What they do not tell you is that the air at the top is all but unbreathable; this is why, when you get there, you are most likely alone. Neither intimidated by the height nor so awed by the view that you believe yourself unworthy of it, you are a coil of stamina, your body, with its raised and rounded scars, a rosary of wounds. Sometimes, you can feel the fingers of God grazing each one like a sanguine bead. He knows what still hurts. Faith is the height of reason here; there is no one left to contest you. At the top, where even breath is begrudging, it is clear how little mankind controls.
You understand that you are not just blessed but also someone who will always be earning her air. This is your rightful place; soon you’ll stop apologizing for it. Success is not what sets you a-tremble. Planting the conquering flag does not frighten you. No, you are apprehensive of the attention its waving will attract.
Leaving your writing in the crevices of caves, in the craters of wailing walls, is one thing. It is simple to be entirely honest with only the ether as audience. On the side of a mountain there is anonymity; to remain unknown is to be left to oneself. This is tempting, but it does not gratify.
Still, what will you do about these new encampments, these people who are looking up from the bases of boulders and watching to see how conquerors comport themselves? What of the voyeurs and the vultures? Now, someone will always be circling.
Accept the evidence that you’d always prepared yourself to be here today. You pined for it, placing so many pieces of yourself in corners and creeks so that someday, enough of them were bound to be found. Piece together the leafs and there is the book you have always been destined to write, collect the watery daguerrotypes embedded in ditches and there is your photonarrative. There was enough of you here for a retrospective, even if the climb killed you, there may have been some posthumous acclaim.
You pretended to others it wouldn’t matter; climbing is its own recompense, the work its own reward. But this was a mere insulation. You’ve always wanted to be known. Recognition holds the same rush as rappelling and readership is the same as a rope: you cannot reach the top without it.
Your fear is to be poorly received, to become known not for the beautiful boom of your voice from the top of a great height, but for the tinny emptiness it may echo when it reaches the ground.
In the past, you have protected yourself from chilly reception by behaving as though you shouldn’t be where you are at all, that your presence at one pinnacle or the next is all but miraculous, that talent is a mere sleight of hand.
You understand, now that you can see the true distance of a descent, how unwise it is to pretend your own unworthiness for so long. You will convince yourself of it, and even now, from time to time, you are still beguiled by the idea of flinging yourself down.
From this height, you can see other far off climbers, standing atop higher peaks, dancing, so deep-breathed and darling, their beckoning calls a kind of dare to those still below.
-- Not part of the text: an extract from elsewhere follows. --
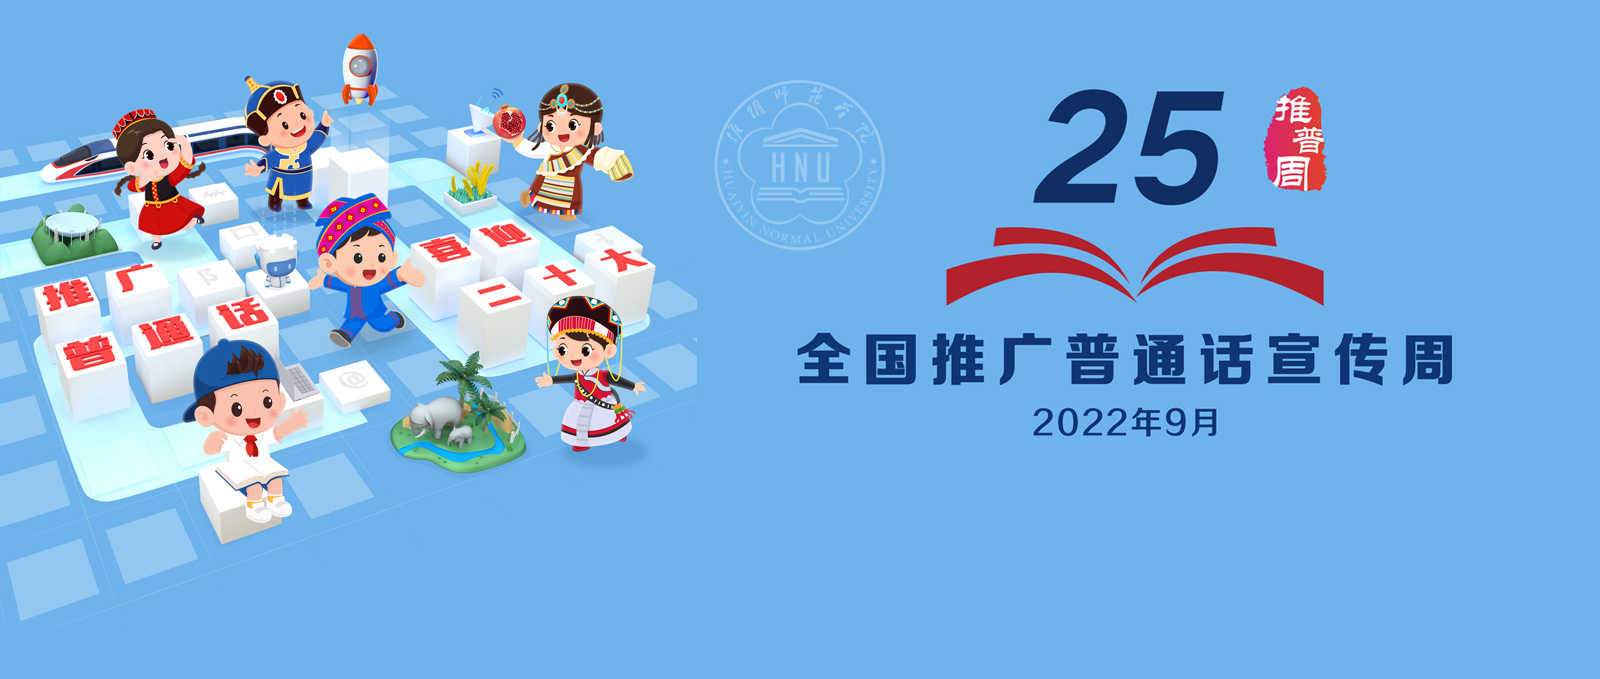 第25届全国推广普通话宣传周

There is room for us all, they are calling. But we never really know if this is true. We do not know who will tug at our harnesses and tethers, endangering us to leverage themselves. We remain unsure who comes not to build but to topple. It can make you uneasy, being watched and clambered toward, a bastion to expectation. You do not have your own advice to offer down the mountain — not really — but you give some anyway, as often as you’re asked, and you hope it works. You hope you work. With every rising sun, you tamp down your deprecation and reacclimate yourself to this air.
3 responses to “The Air at the Top: On Fear of Exposure”
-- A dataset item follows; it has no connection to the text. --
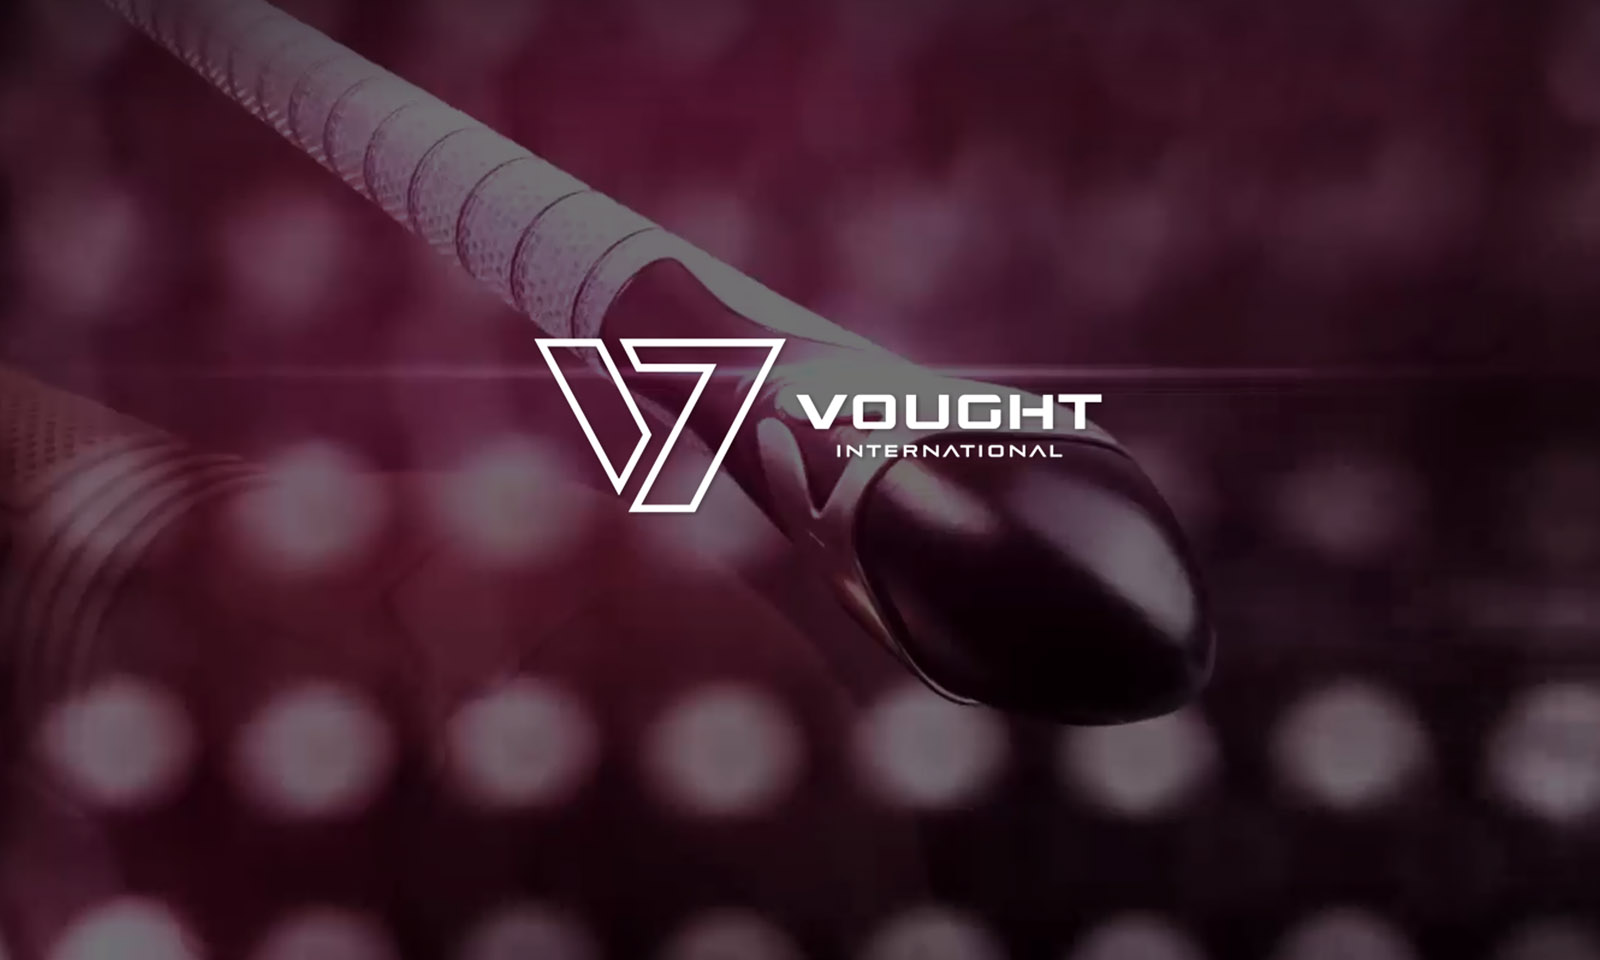 Imagem com logo da Vought International centralizada e um sex toy inspirado em The Boys ao fundo.

Ah. How does someone write this wonderfully. It’s simply breathtakingly put, and true. Please keep appearing….
How beautiful. I am afraid to write to be known for it and to branch out. Yes afraid of the vultures and the criticism. Thank you for helping me see.
I’m out there, but I don’t know that I feel as you have so beautifully described. I don’t recognize myself in your words. The fear, yes, but the summit – no. I am still climbing. Too busy figuring out my own path to even look up and see who else is around. I don’t feel that the knowledge will push me higher. In your words, I appreciate the glimpse of what may be ahead, but now it’s back to the climb and battling the fear.